>>>

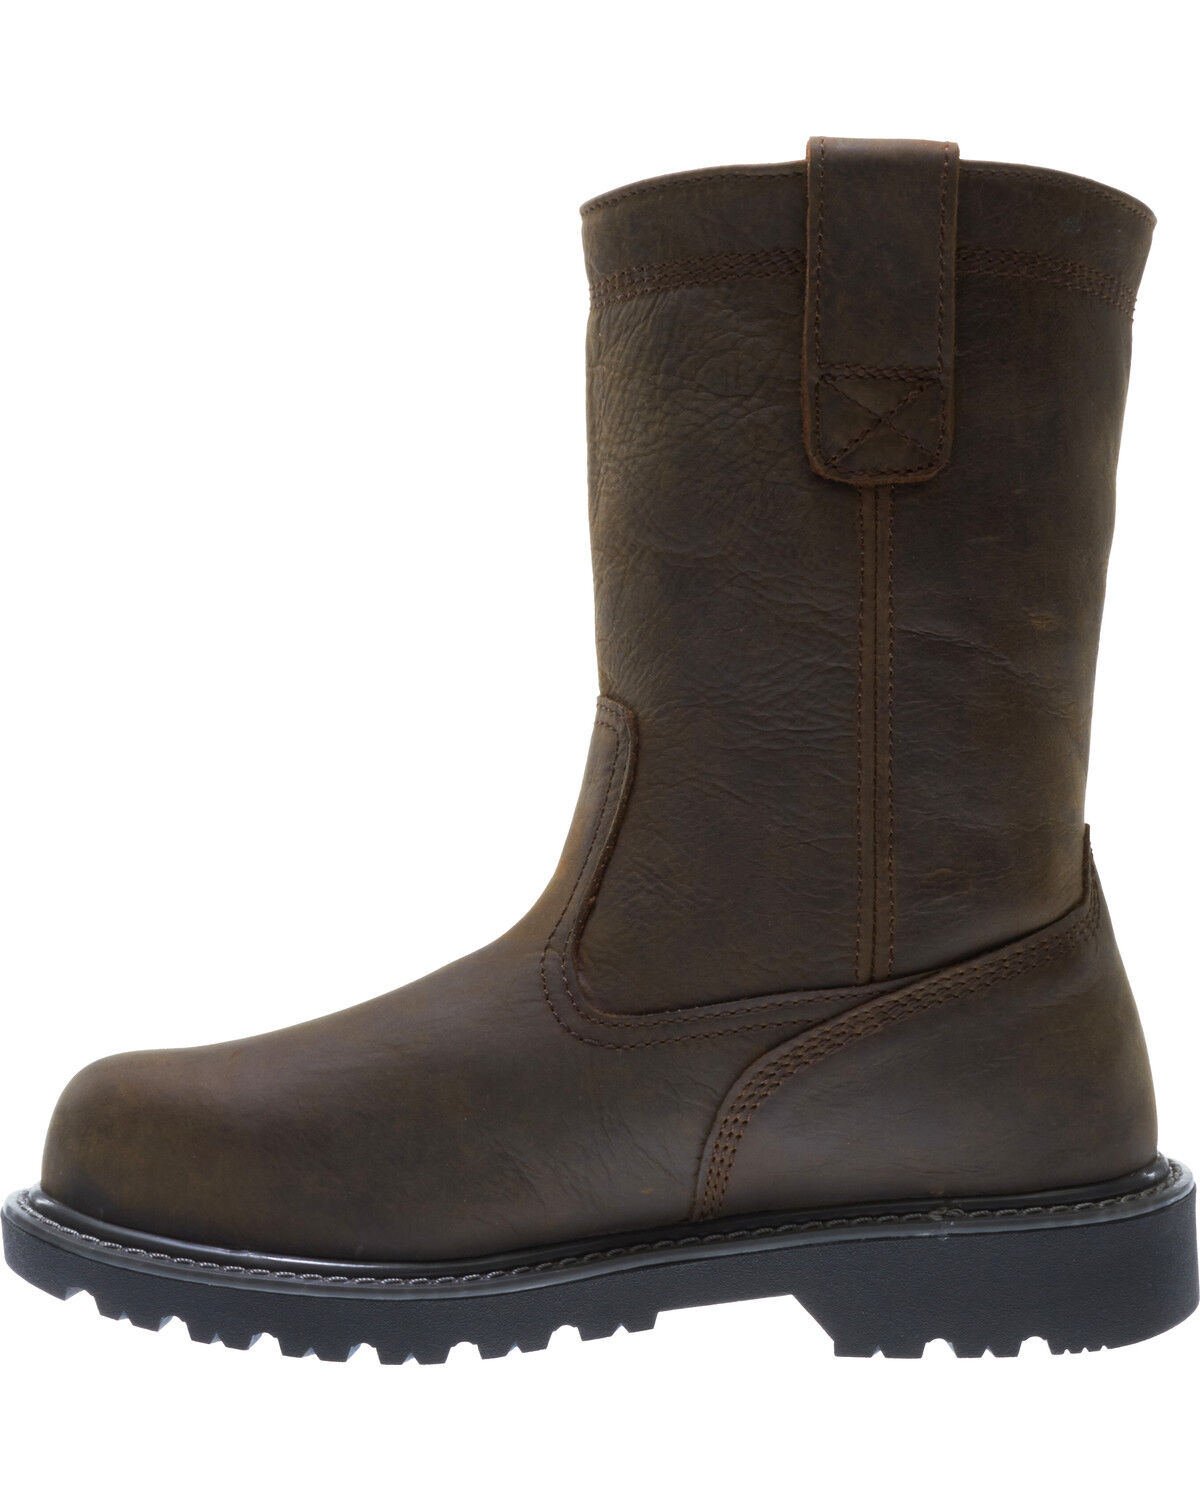 wolverine boots steel toe waterproof
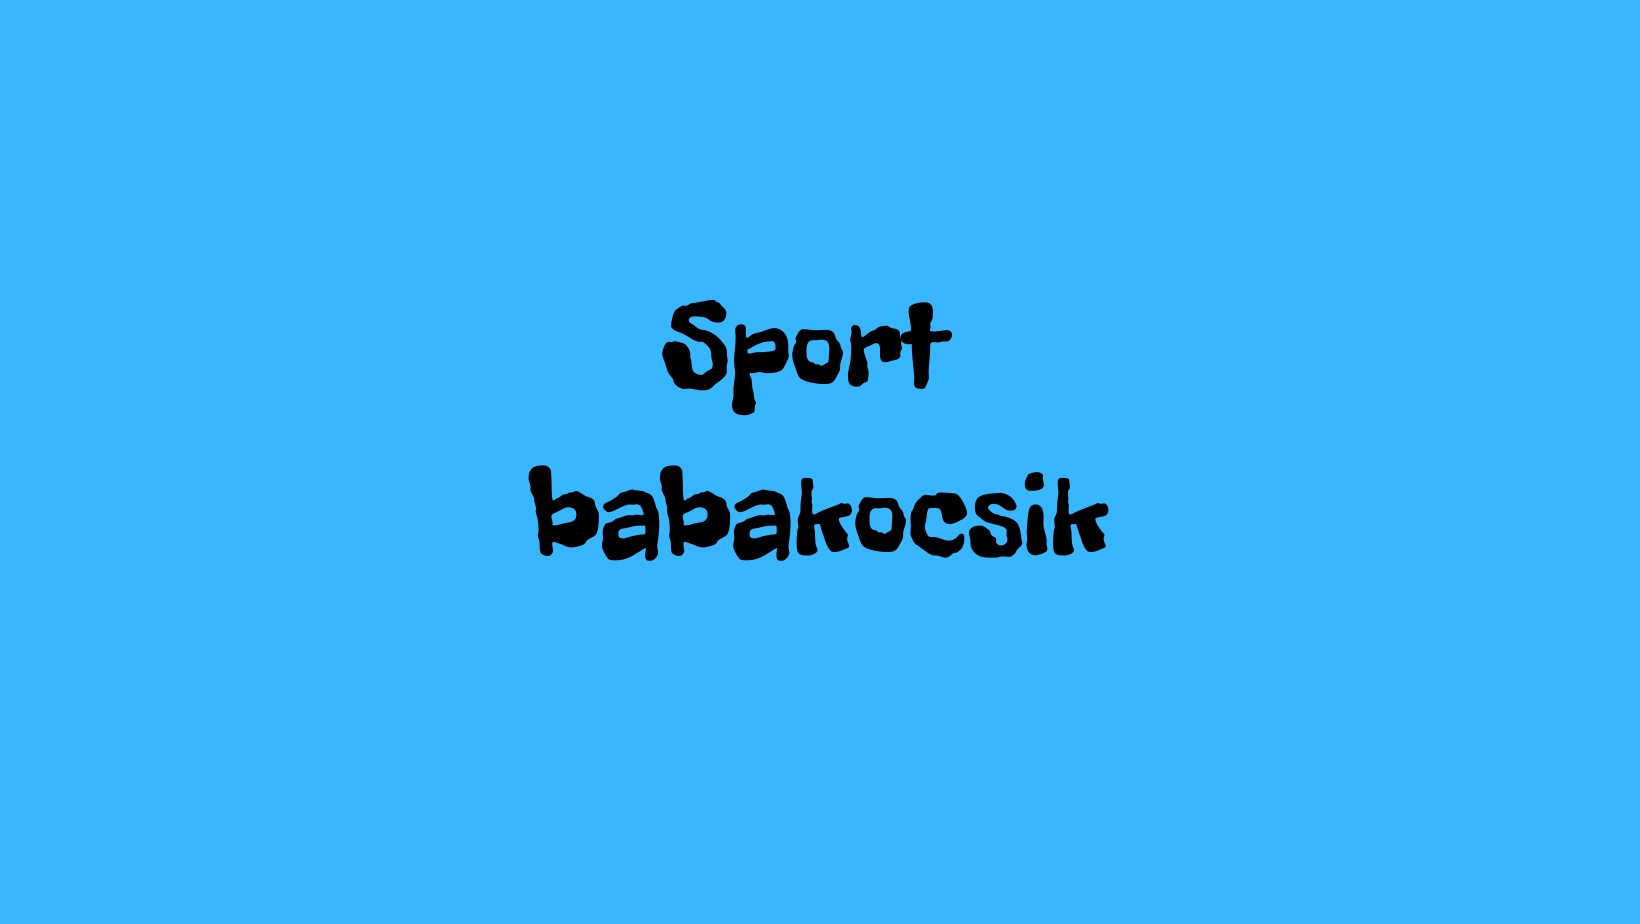 Sport babakocsik
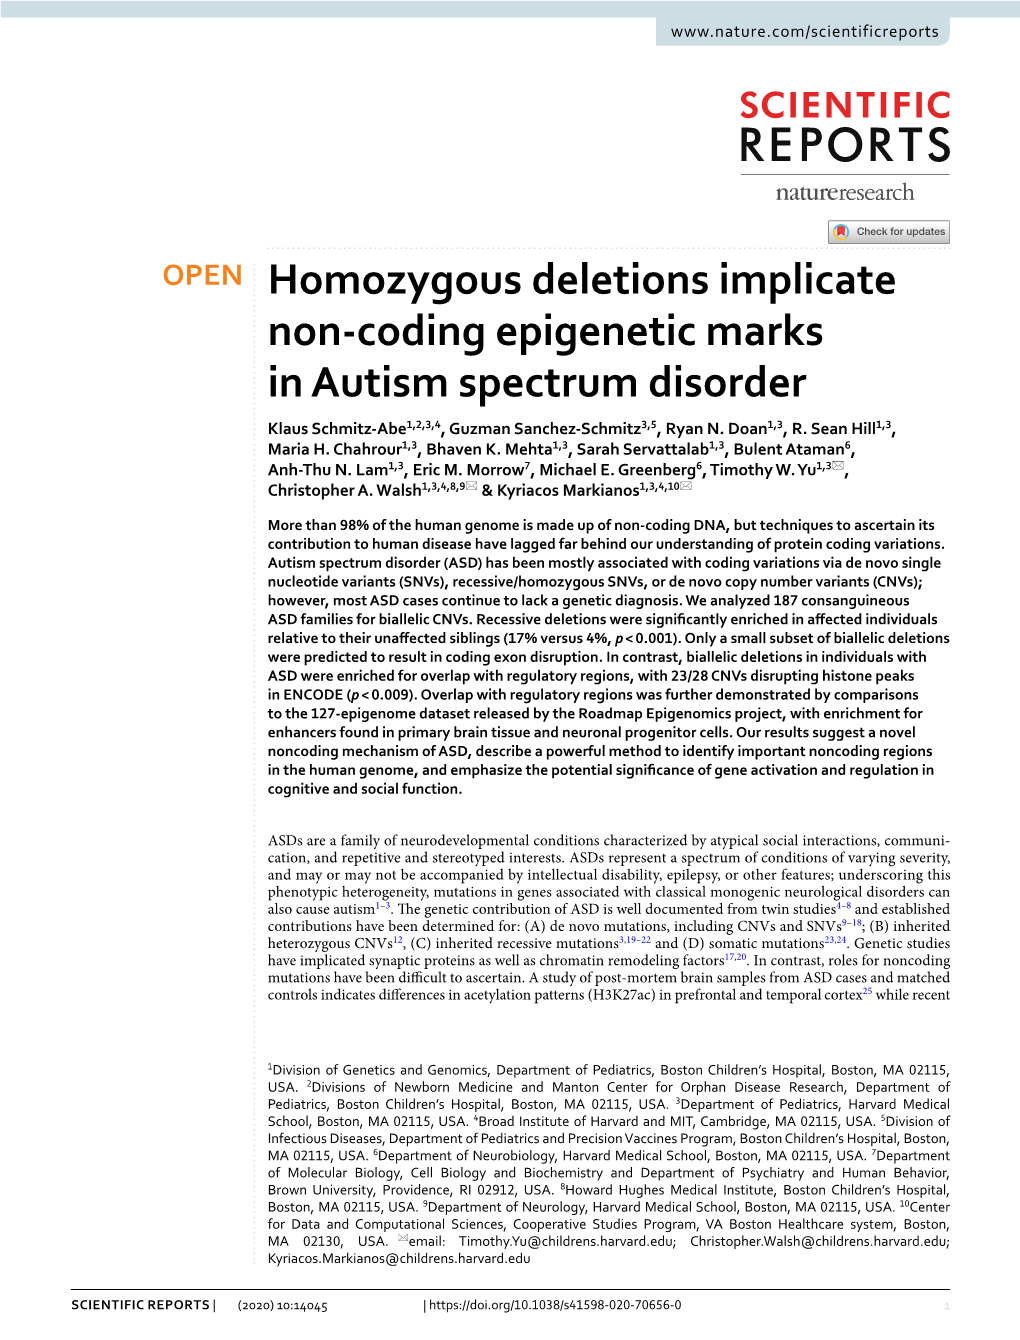 Homozygous Deletions Implicate Non-Coding Epigenetic Marks In
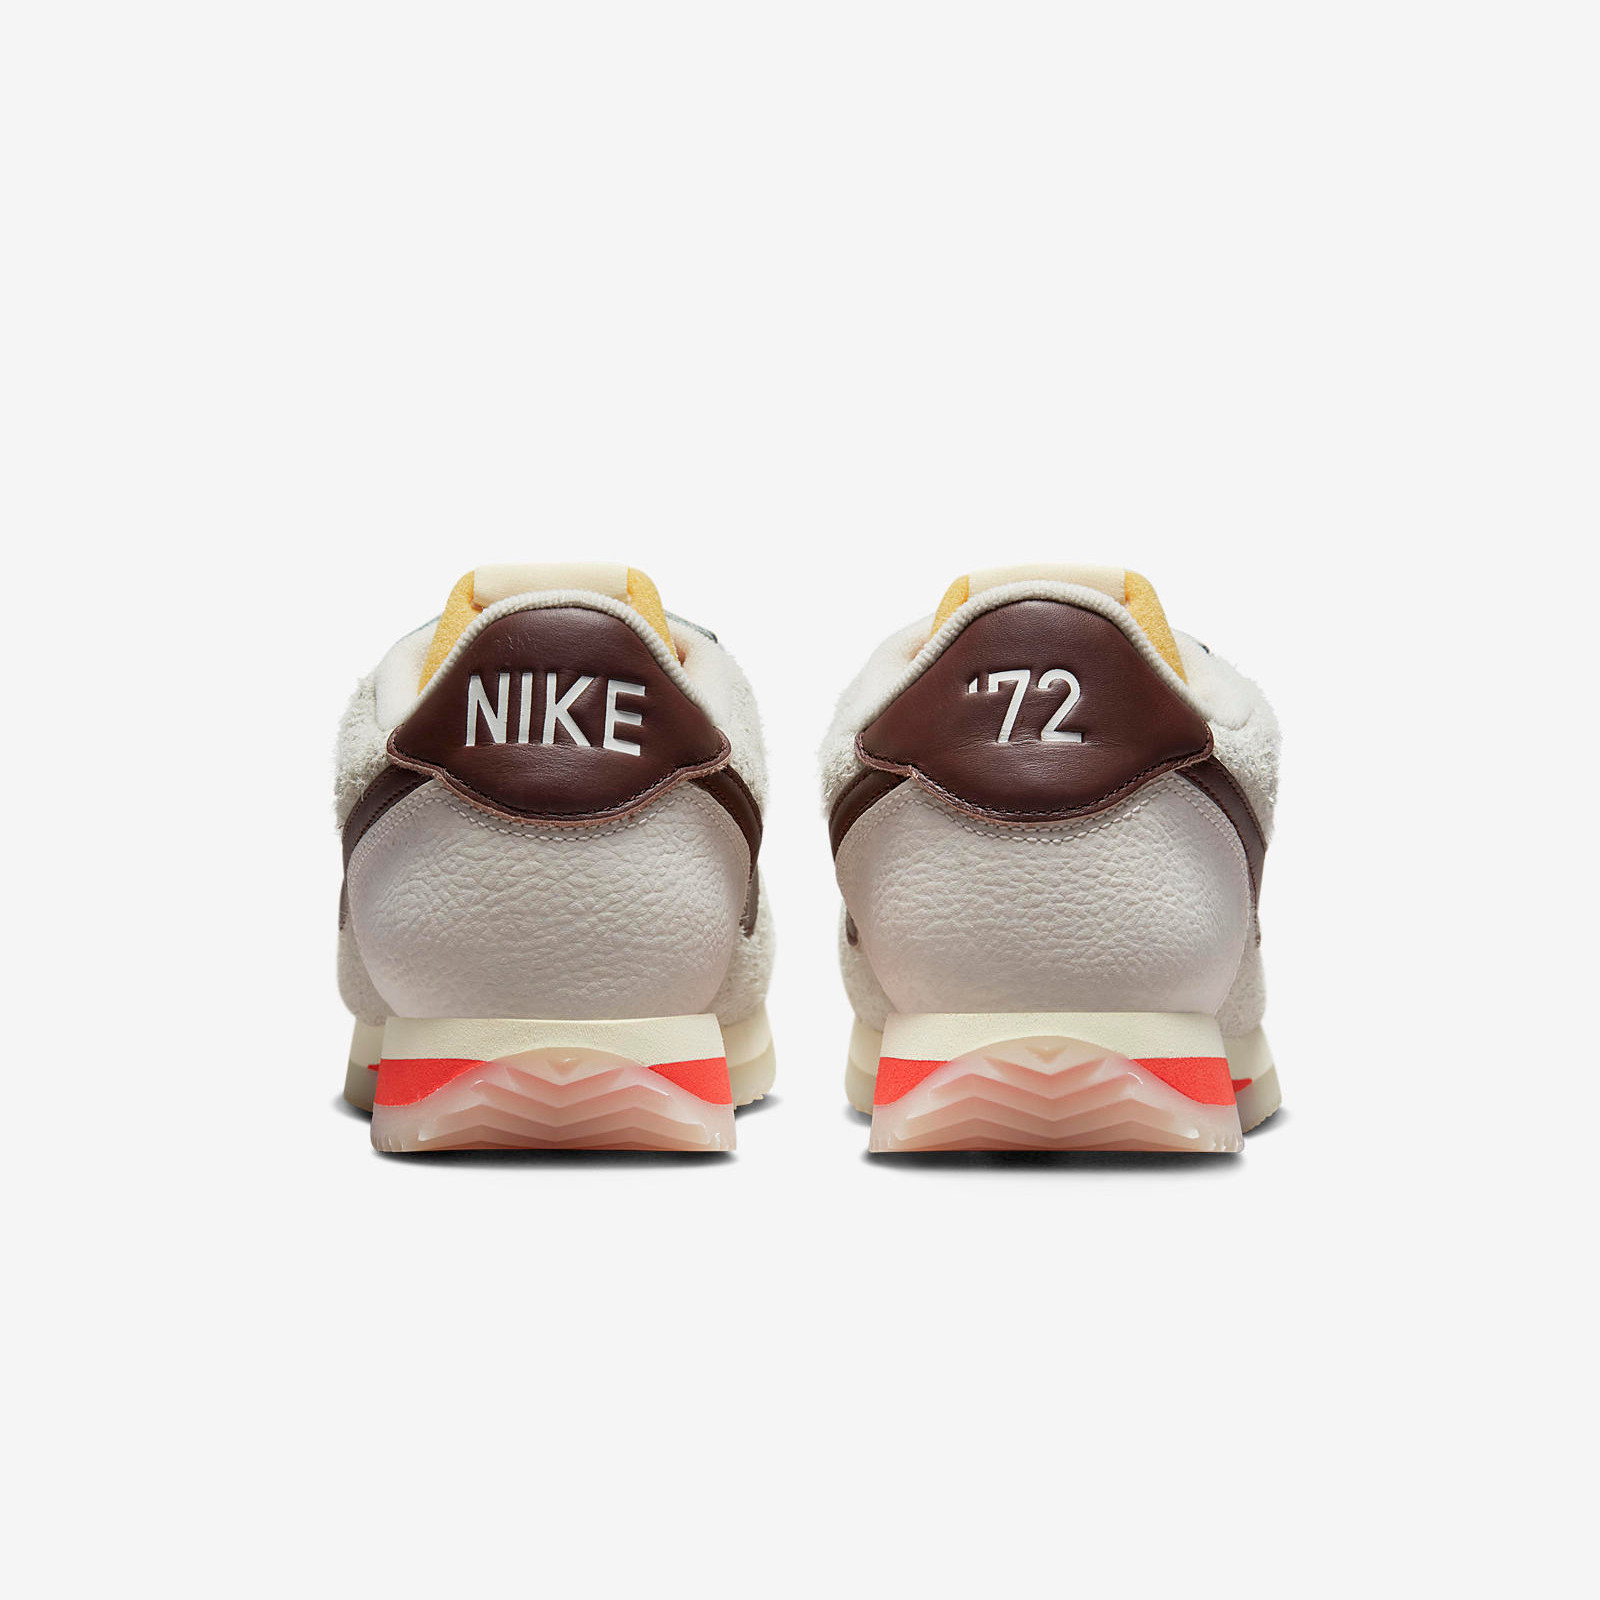 Nike Cortez
« Orewood Brown »
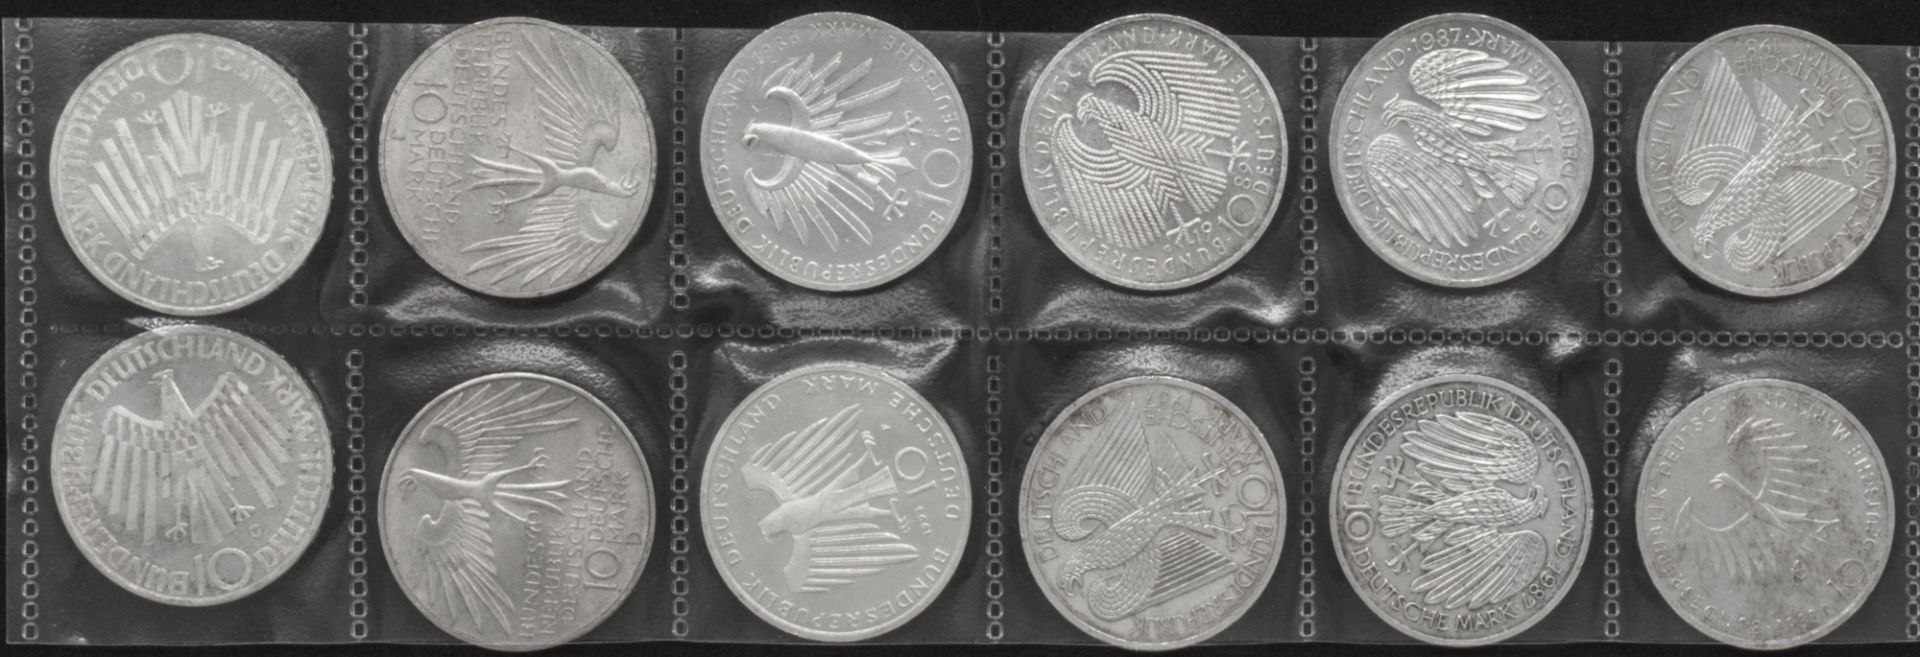 Lot 10.- DM - Silbermünzen. Insgesamt 12 St. Erhaltung: vz. - Image 2 of 2

<<<

[TASK PROMPT] All records above are to be output verbatim, with their pictures omitted.

[RESPONSE BOX]
 wolverine boots steel toe waterproof
 Sport babakocsik
 Homozygous Deletions Implicate Non-Coding Epigenetic Marks In
 Nike Cortez
« Orewood Brown »
 Lot 10.- DM - Silbermünzen. Insgesamt 12 St. Erhaltung: vz. - Image 2 of 2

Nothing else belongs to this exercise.